EXPLAINED: Factors that led to second-coldest December in Delhi after 1901

Absence of a strong western disturbance for the past 10 days, which could have disrupted the direction of icy winds coming to the national capital from the hills, resulted in Delhi experiencing its second-coldest December in over a century, weather experts say. Western disturbances in early and mid December led to heavy snowfall in hilly areas north of Delhi and frigid winds have been blowing in from there. This led to a sharp decline in temperatures in the plains, said Kuldeep Srivastava, head of IMD's regional weather forecasting centre.

Another western disturbance could have changed the wind direction away from Delhi, but an absence of such a weather system for 10-12 days aided the conditions for a harsh winter.

"The region has witnessed a long gap of 10-12 days between western disturbances. Usually, there's only a gap of 3-4 days in two WDs, and as a result the wind direction keeps on changing. This time, the cold winds continued unabated from north-northwest for over 10 days in absence of a strong western disturbance," Mahesh Palawat of Skymet Weather, a private forecaster, said.

The India Meteorological Department said the mean maximum temperature for December 2019 will be below 19 degrees Celsius, the lowest since December 1997 (when it was 17.3 degrees Celsius) and the second-lowest since 1901, when IMD started keeping the records.

The factors responsible for such a cold December are a "very long spell" of icy winds and a layer of fog lingering over vast swathes of the northern plains for 10-12 days, the experts said.

The wind speed has remained moderate, dispersing the fog near the ground.

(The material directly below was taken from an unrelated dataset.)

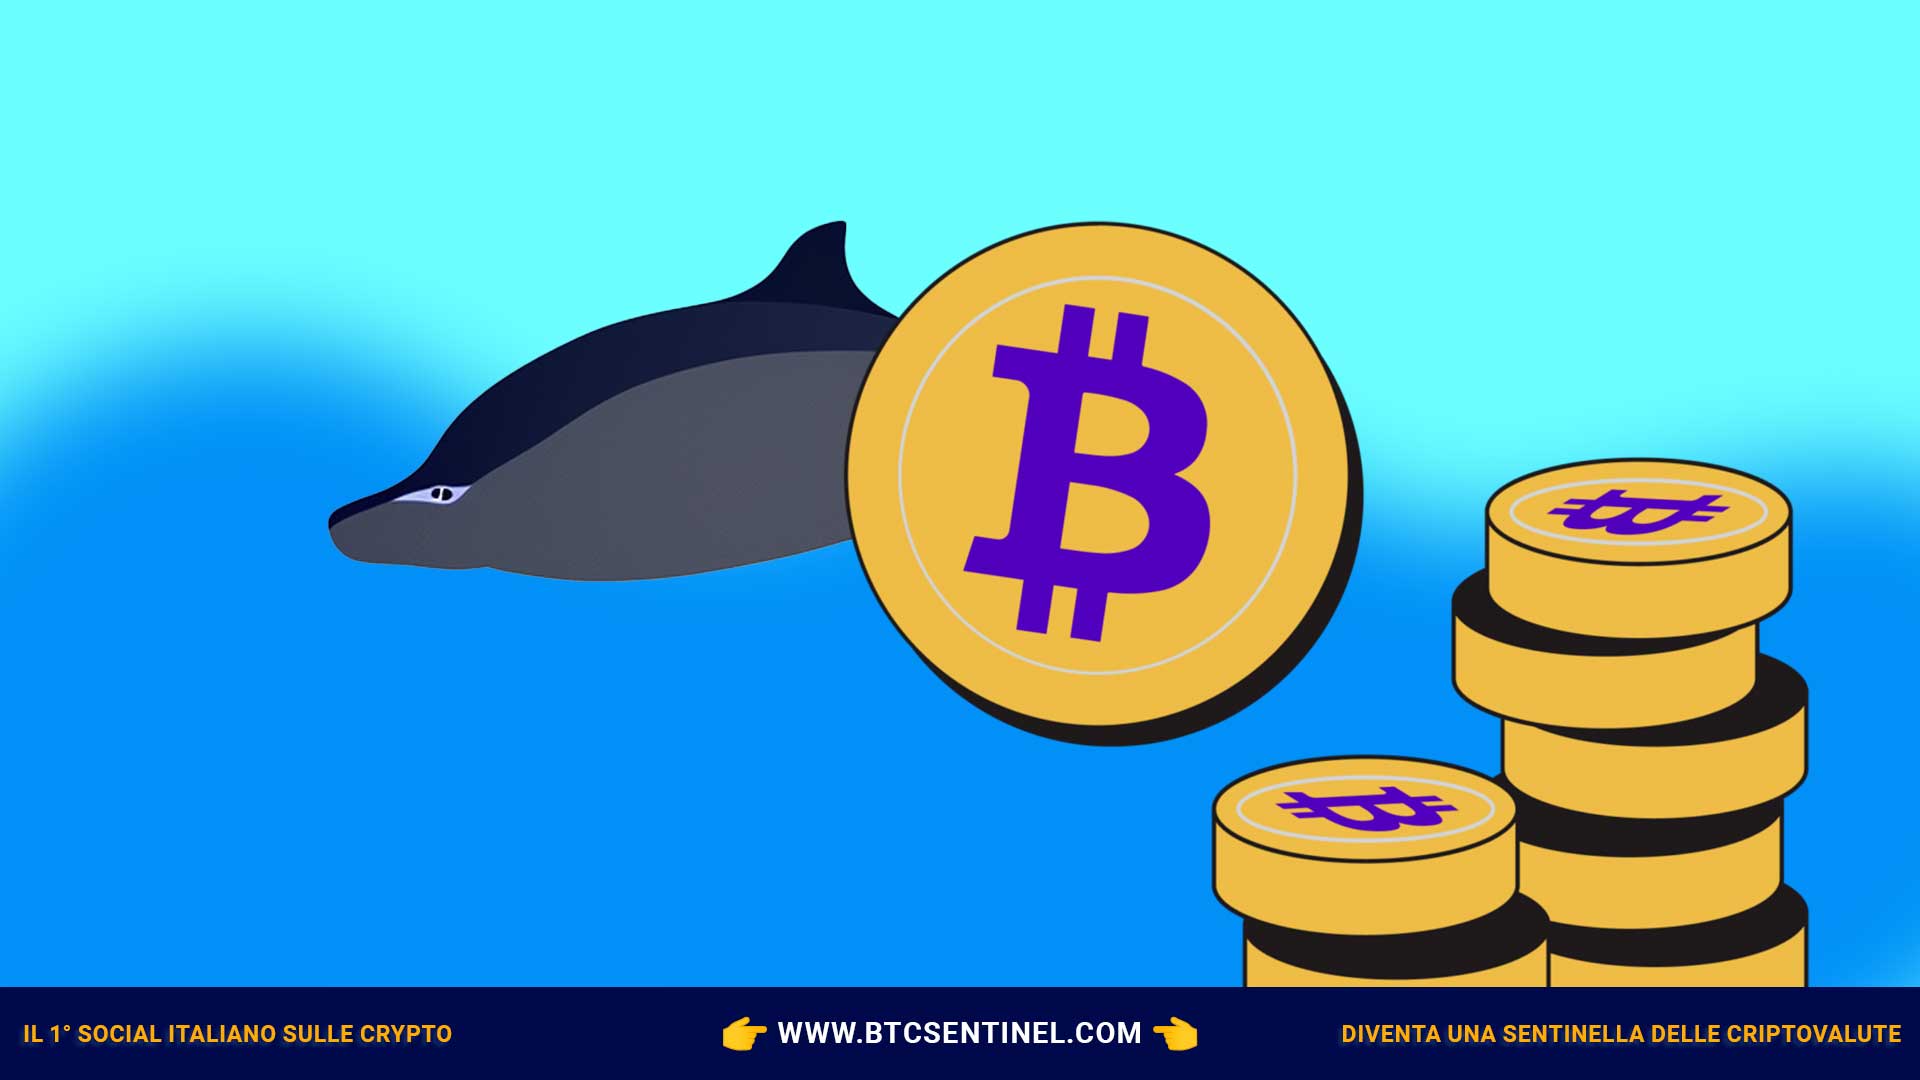 Secondo quanto pubblicato da Santiment, le balene Bitcoin (BTC) potrebbero essere tornate ad accumulare

But a layer of fog persisted in the upper atmosphere at a height of 2,000-3,000 feet, from Punjab to Uttar Pradesh, which did not let sunlight penetrate through to the ground.

"Due to hazy sunshine and cold winds, the day temperatures remained low," Palawat said.

Srivastava said a change in wind direction on Sunday did not help much as the easterly winds blowing from Uttar Pradesh to Delhi are also very cold.

Usually, easterly winds are comparatively warmer and increase the temperatures, he said.

"So, both northwesterly and easterly winds are cold and causing a drop in the mercury," he said.

Easterly winds have brought moisture which has led to formation of dense fog, further affecting the day temperatures, said both of them.

Since December 14, Delhi has been witnessing "severe cold/cold days". A streak of cold days is known as a "cold spell". This means Delhi has recorded a 16-day December cold spell, the longest after the 13-day cold spell in 1997.

According to IMD, a "cold day" is when the maximum temperature is at least 4.5 notches below normal. A "severe cold day" has the maximum temperature at least 6.5 degrees Celsius below normal.

Delhi experienced its coldest recorded December day since 1901 on Monday, recording a maximum of just 9.4 degrees Celsius.